Inventory Management
Inventory Management
Inventory refers to raw materials, finished goods and work-in-progress (WIP) that form part of a business’s assets which will be ready or are ready for sale. Inventory turnover is the primary revenue generation source, hence making inventory an important asset for most businesses. Holding large quantities of inventory is undesirable for most businesses since the holding costs are high. The holding costs of inventory include storage costs, spoilage obsolescence costs, insurance costs, inventory tracking, etc. However, possessing very little inventory is not good either since the business runs the risk of not meeting the customer demands, hence loss of customers (Shim, 2003).
Inventory management refers to the activities and strategies employed to make sure that a business maintains an optimum inventory of each item. Maintaining optimum inventory helps in reducing the costs associated with inventory, whilst ensuring the customer’s demands are met. Thus, inventory management serves the objective of providing seamless production, and high customer satisfaction levels at the least cost possible. Inventory problems can contribute to business failures and/or losses since inventory forms the largest portion of current assets for many companies.
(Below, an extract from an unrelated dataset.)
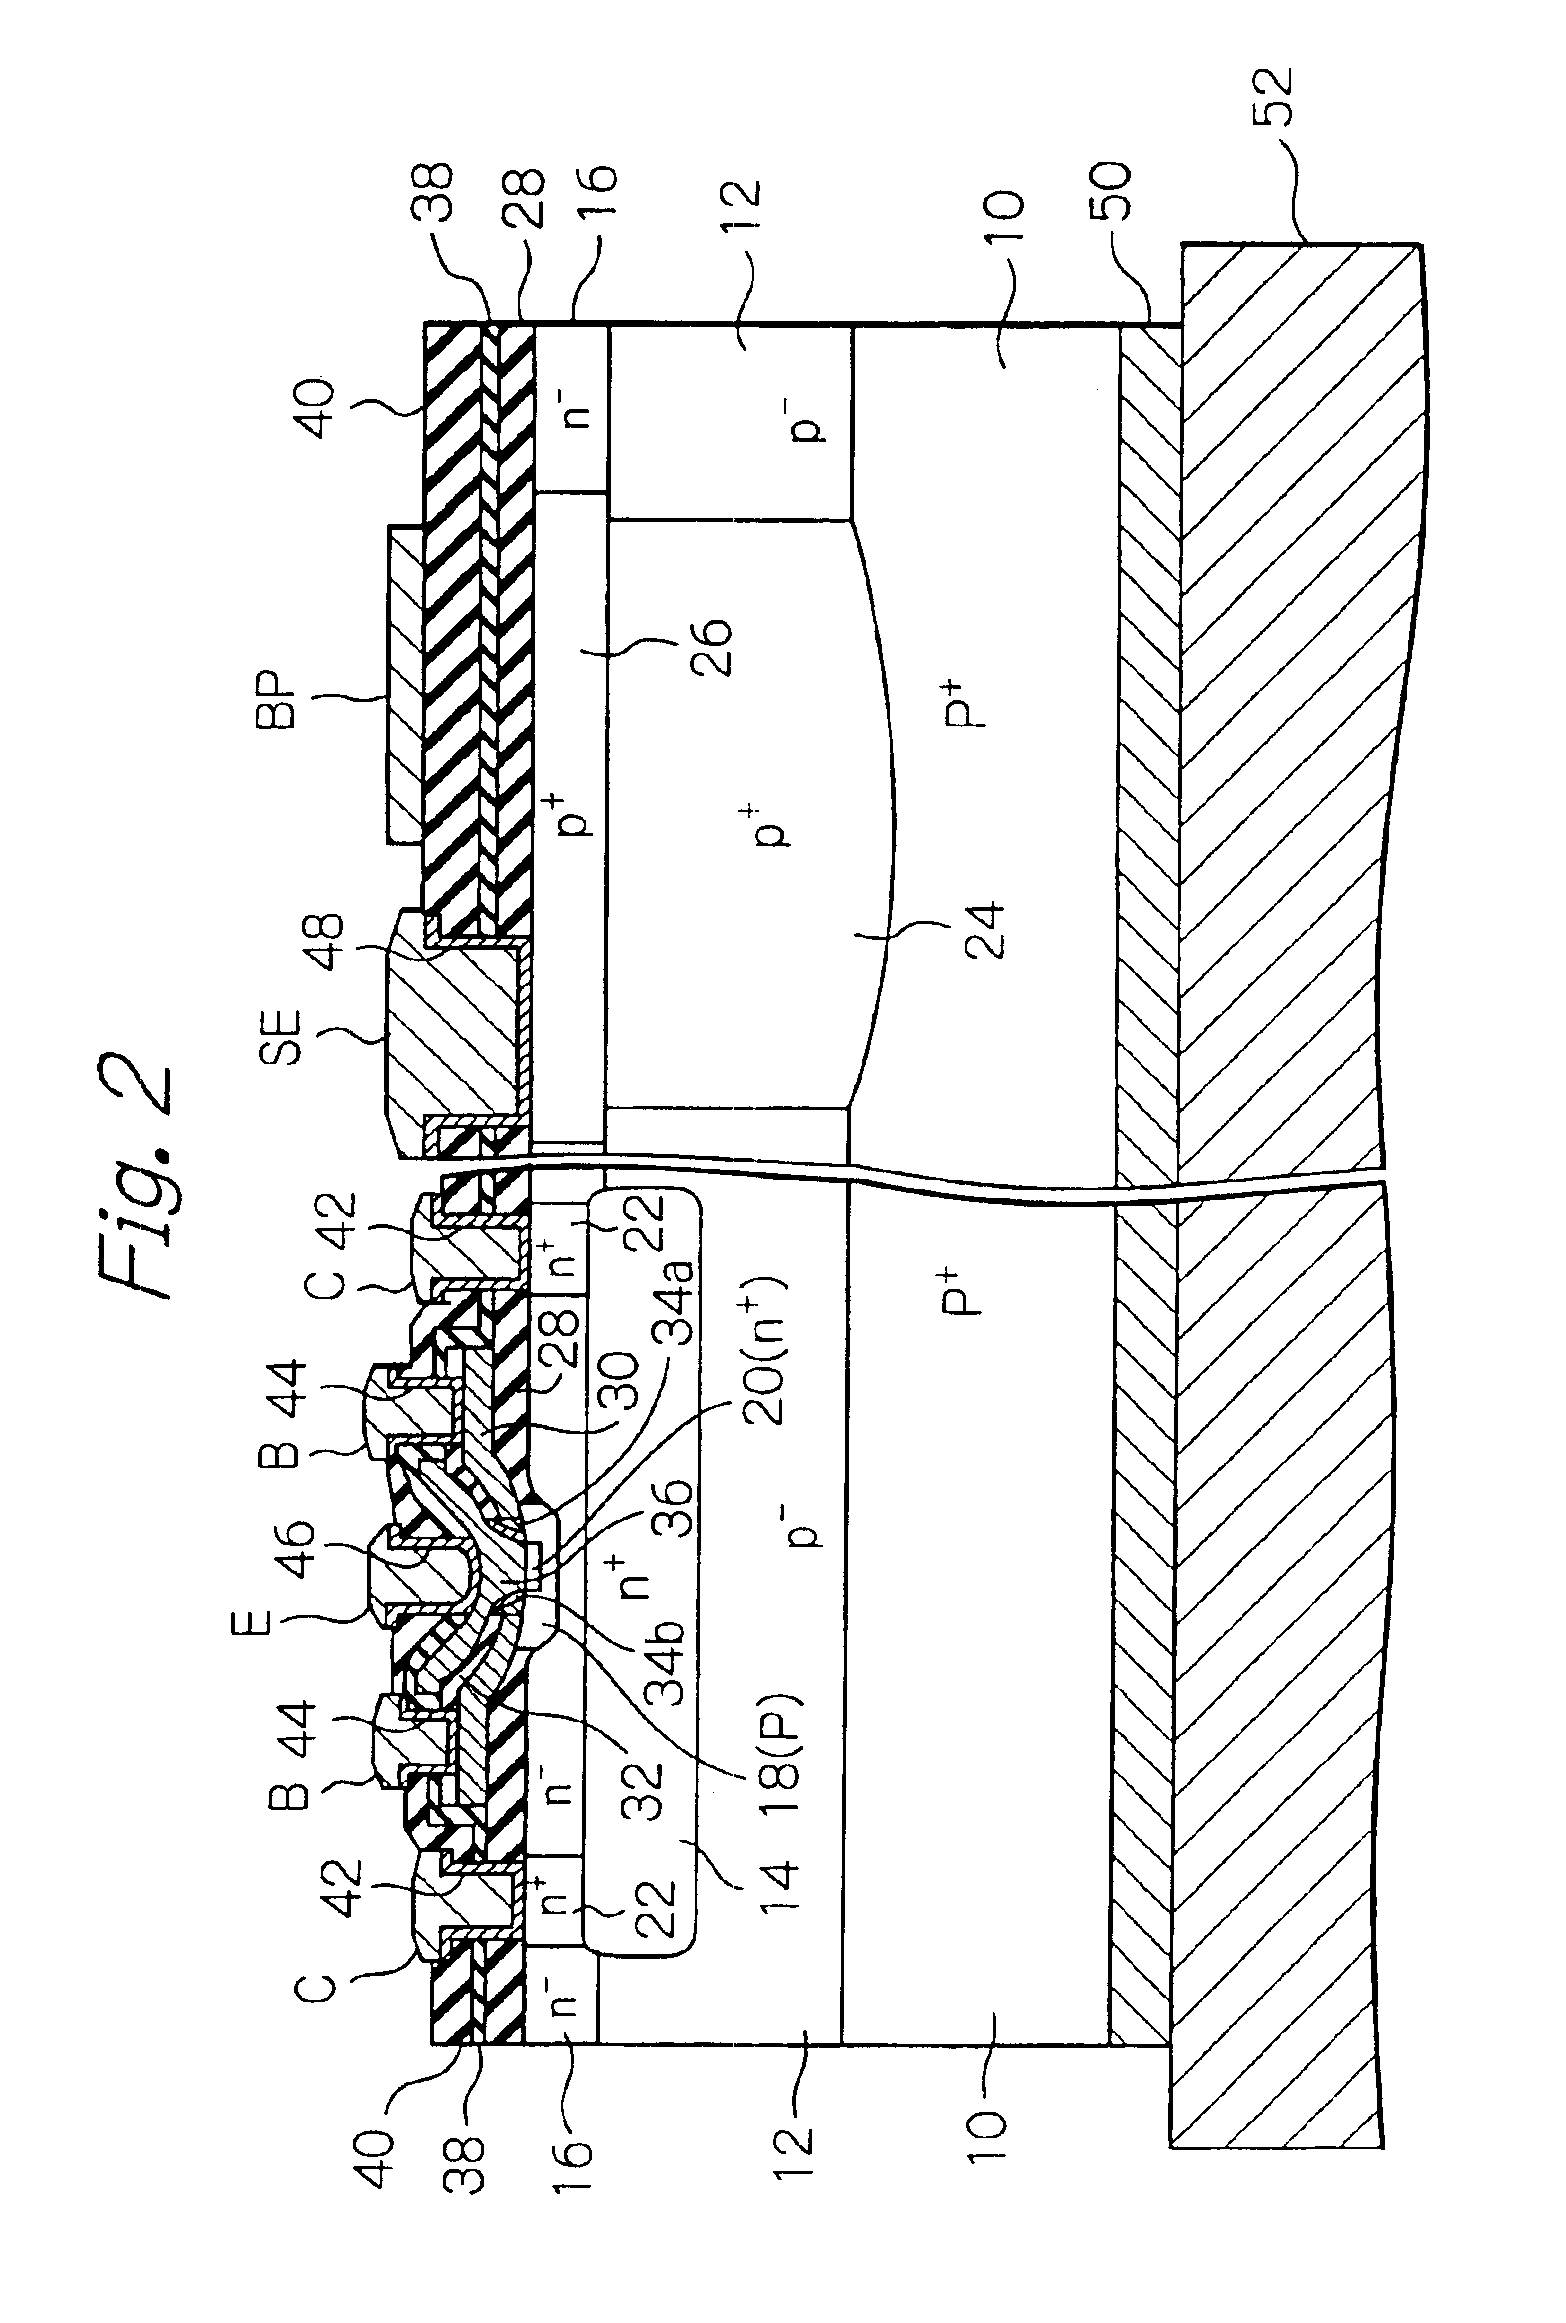 Semiconductor device including bipolar junction transistor, and production method therefor

A case in point for successful inventory management in manufacturing is Toyota and Dell. Both companies have successfully used the just-in-time (JIT) method to manage their inventories. In the JIT strategy of inventory management a company plans to receive raw materials when they are needed, in the quantity required and in a location where they are needed. In the service industry, Mc Donalds and Amazon.com have also implemented successful inventory management.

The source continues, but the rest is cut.